There’s something else you should know about me before I go on. I don’t go to art school anymore. I did for a semester and when I was there I hated it. Of course, there are a lot of other things I can tell you about myself as well: I am a designer, guitarist, songwriter, traveler and chronic overthinker. Most of my interests have evolved out of a love for music and skateboarding. I taught myself Photoshop when I was 13 years old and the desire to design & create began to manifest itself into most aspects of my life. It was this desire that has led me to discover an amazing creative culture here in my hometown of Cleveland, and ultimately what led me to my internship here at Go Media.
But I digress: I hated the seven-hour studios, the endlessly negative critiques and the general malaise and pomposity of the average art & design student who thinks they’re God’s gift to the art world because they can slap a few sentimental words in bold type on top of a grainy Photoshop-filtered photo of a river or a street and call themselves “designers.”
Okay, I’m rambling a little bit and I don’t want to knock art school too much - I’m sure there are thousands of people who have had positive experiences with it, but it just wasn’t for me. I’m sure anyone reading this who’s ever attended an arts college can at least somewhat identify with my sentiments. But my main beef was that the people there, at least where I went, behaved as if they knew everything. The students, the instructors, the administration – everyone.
So many people fail to recognize that art and design is a never-ending learning process. There are no solutions that work 100% of the time and sometimes the best way to approach a problem is the last way you’d ever be taught in a classroom. In fact, the belief that you always know the best solution to a problem as soon as you’re confronted with one can often vastly limit your creative scope. It’s crucial to keep this in mind and it astonished me that things could be looked at in such a black-and-white, absolute fashion.
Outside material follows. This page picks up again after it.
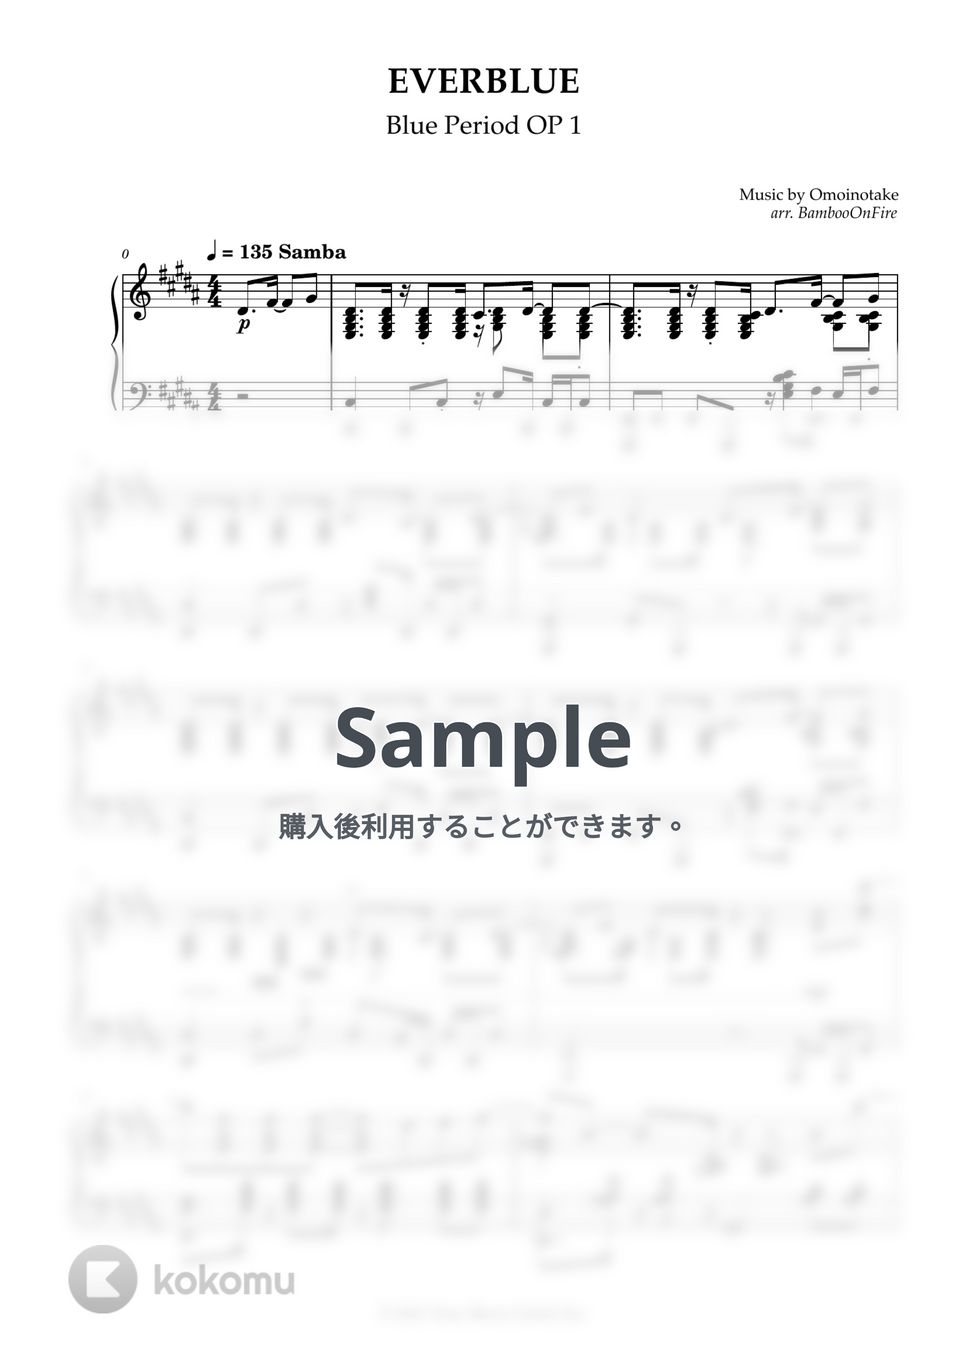 ブルウ ピリオド - EVERBLUE (Omoinotake) by BambooOnFire's Music Lab

These were the thoughts and fears that raced through my mind as I climbed those stairs to start my first day. I was concerned that the next six weeks would be an endless labyrinth of templates, rules and revisions; that I would be a workhorse rather than a new creative force with some things to say.
It turned out that I was expected to be everything at once, which was explicitly terrifying and angered me at first. Learning a new set of foreign, complex techniques and systems can be overwhelming, especially coming from a primarily self-taught design background. But I did the only thing I could – I dove right in. In doing so, I learned one of my most important lessons so far at Go Media (other than what’s new in CS5):
It’s fine to flounder, to flail. Encouraged, even. Struggling to right yourself and succeeding out of your own accord is worth so much more than immediate heaps of praise and reinforcement. I say this not because I don’t value the latter, but because the former has ultimately provided me with the momentum and intrinsic motivation that we as designers and, more importantly, as people need in order to keep things exciting and challenging.
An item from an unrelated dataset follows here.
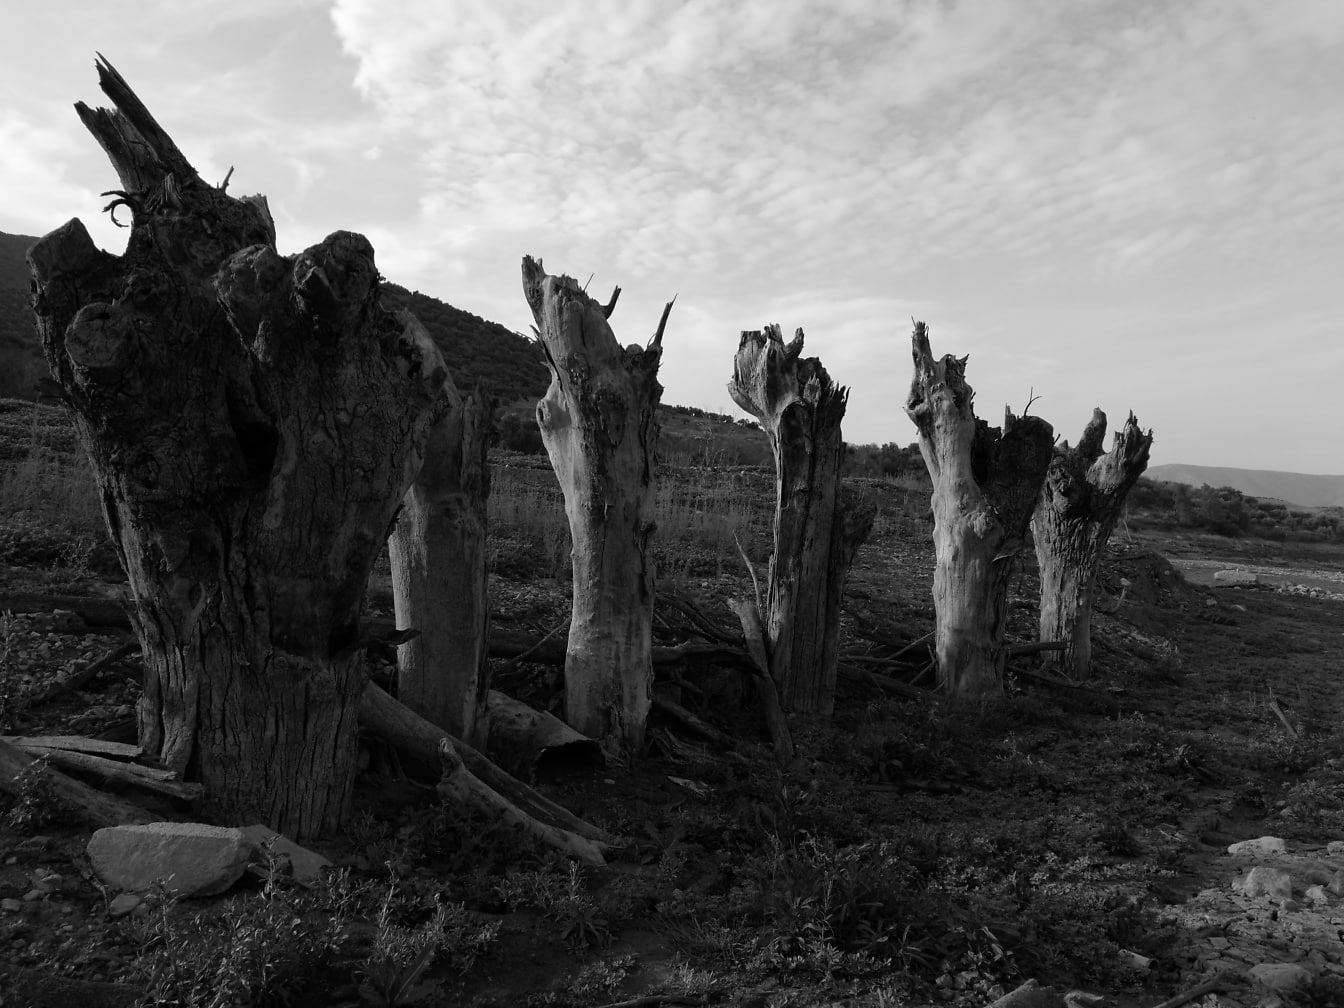 Rangée de vieux troncs d’arbres cassés séchés, photo en noir et blanc

And I’m still flailing. With all the knowledge I’ve gained and progress I’ve made in the brief period of time I’ve enjoyed here, I know I’m just barely skimming the surface of the seas of knowledge that represent the dual worlds of design and business. But I am learning to take comfort and refuge in those vast, uncertain places. That hunger to create through learning and experience as well as accumulated knowledge is something I see everywhere at Go Media, albeit in a much more refined and developed state. It’s a feeling that pervades this place and through creative organizations across the world, and the best ones never lose sight of it.